▶ _STORED DATA_:
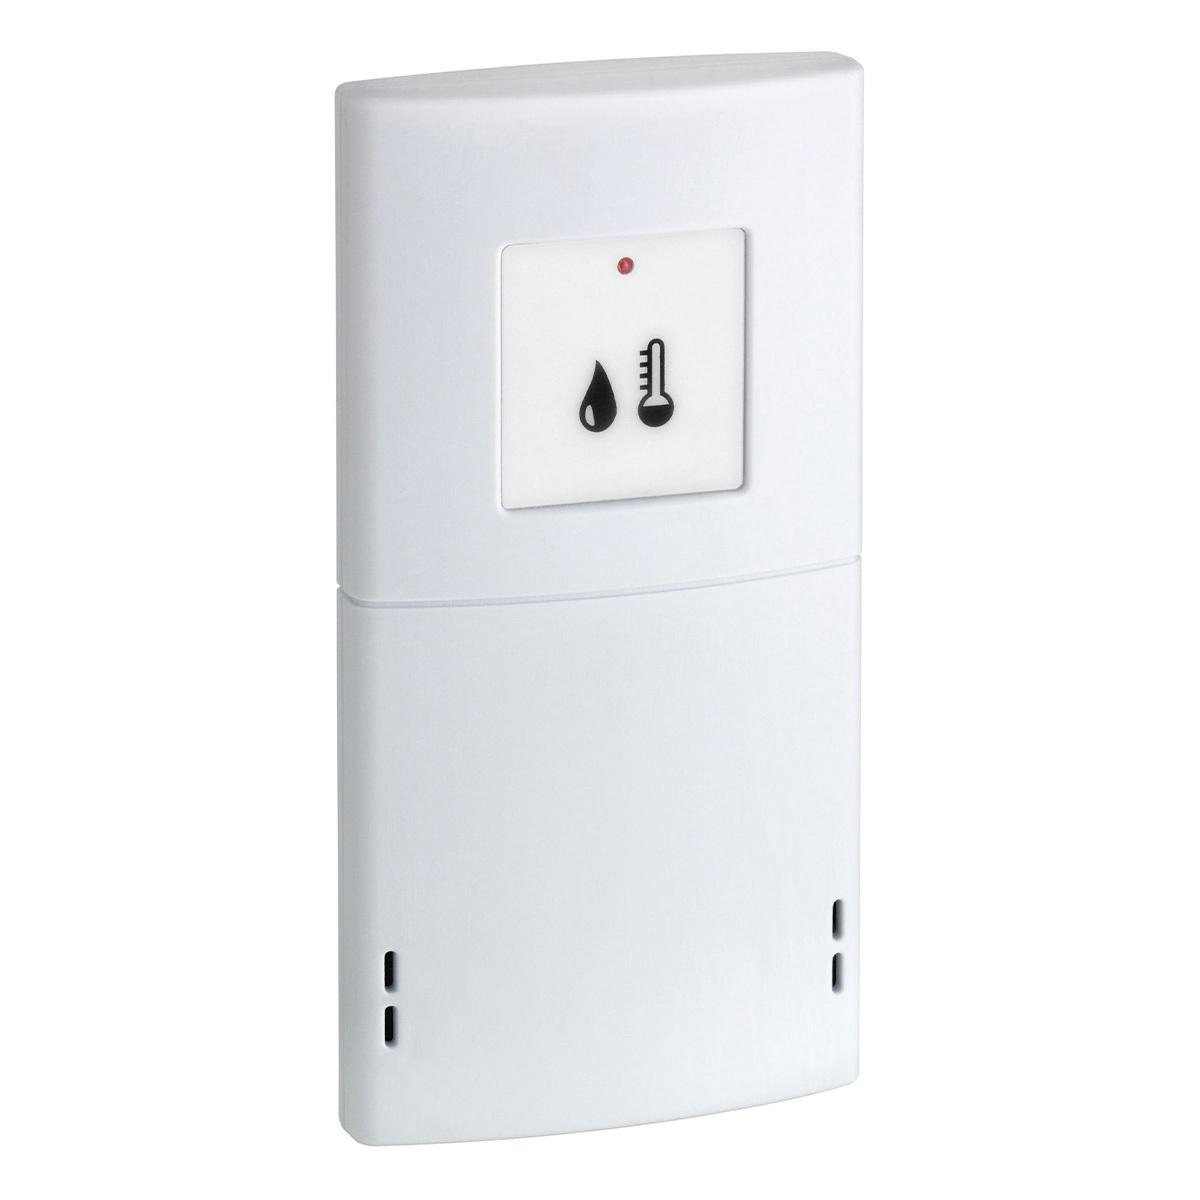 30-3196-thermo-hygro-sender-1200x200px.jpg
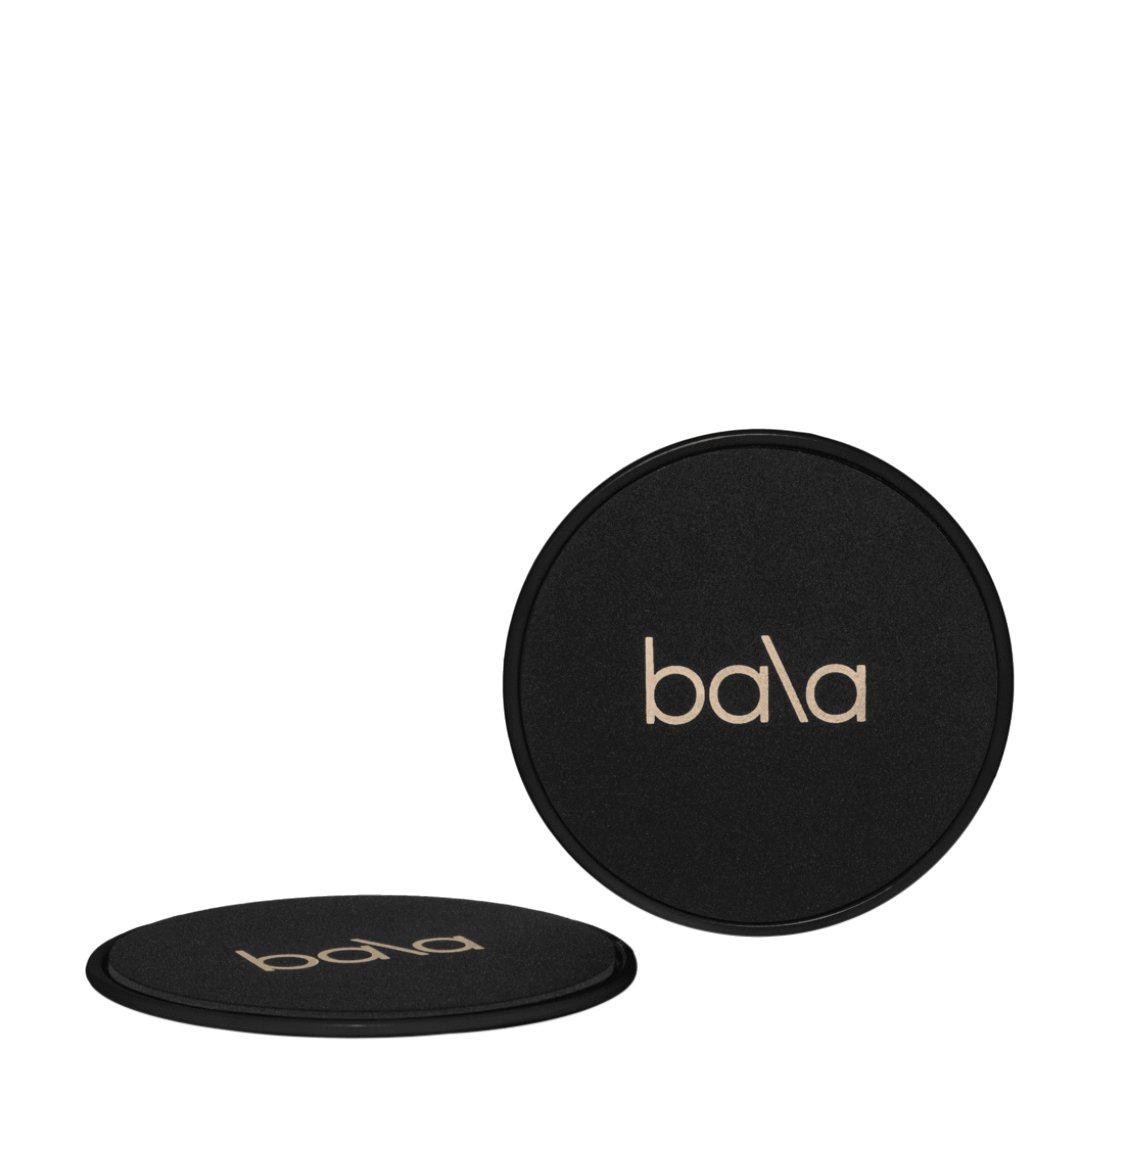 Bala Sliders Δίσκοι Ολίσθησης Σετ 2 Τεμαχίων
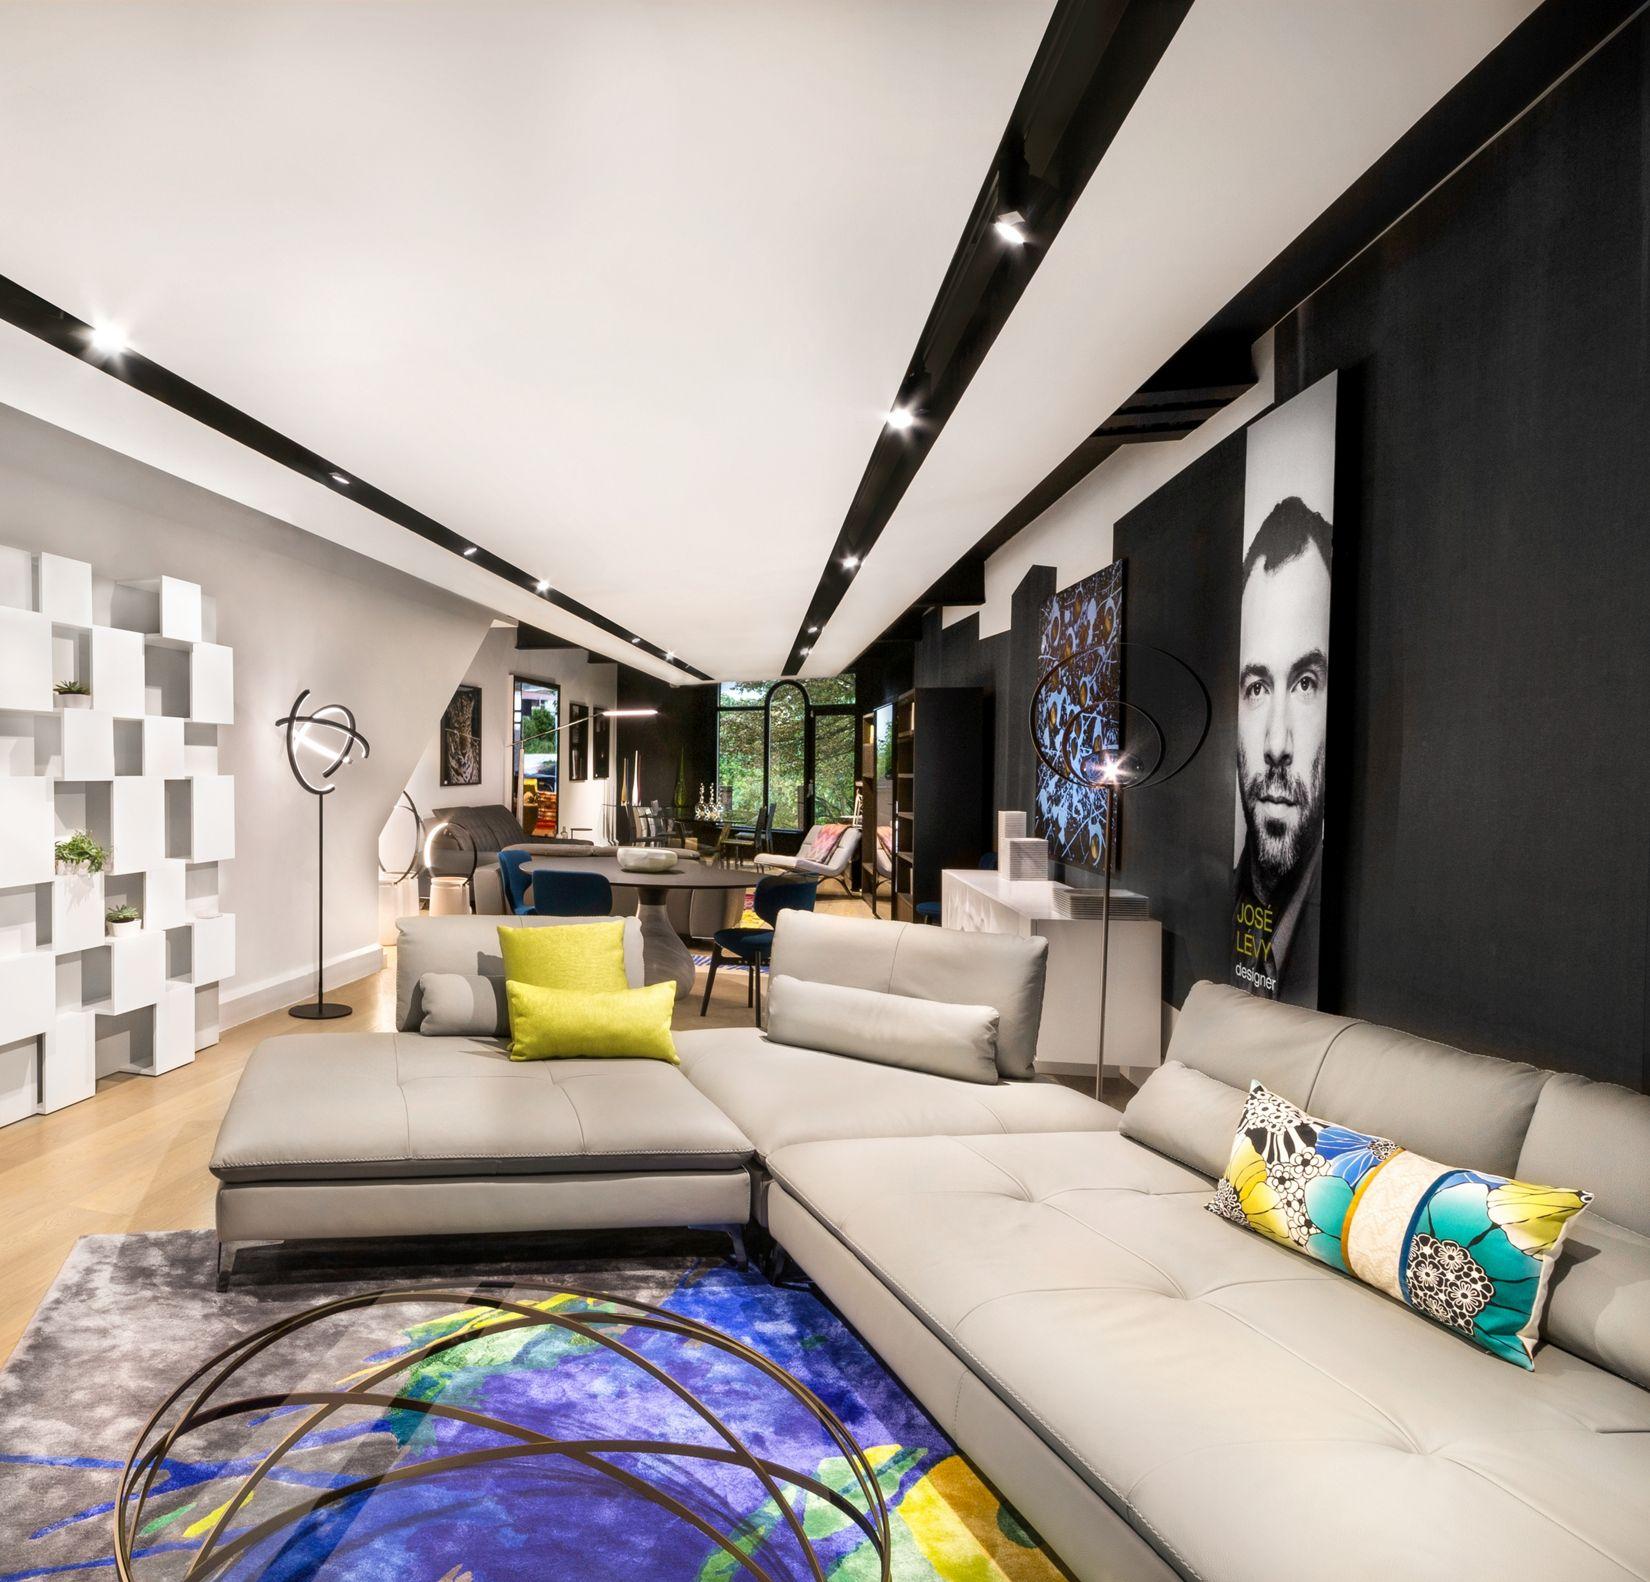 magasin roche bobois london hampstead 1 nw3 6hj. Black Bedroom Furniture Sets. Home Design Ideas

▶ _TASK GOAL_: When you restate the listing above, give each line word for word but leave out every image.

▶ _RESPONSE_:
 30-3196-thermo-hygro-sender-1200x200px.jpg
 Bala Sliders Δίσκοι Ολίσθησης Σετ 2 Τεμαχίων
 magasin roche bobois london hampstead 1 nw3 6hj. Black Bedroom Furniture Sets. Home Design Ideas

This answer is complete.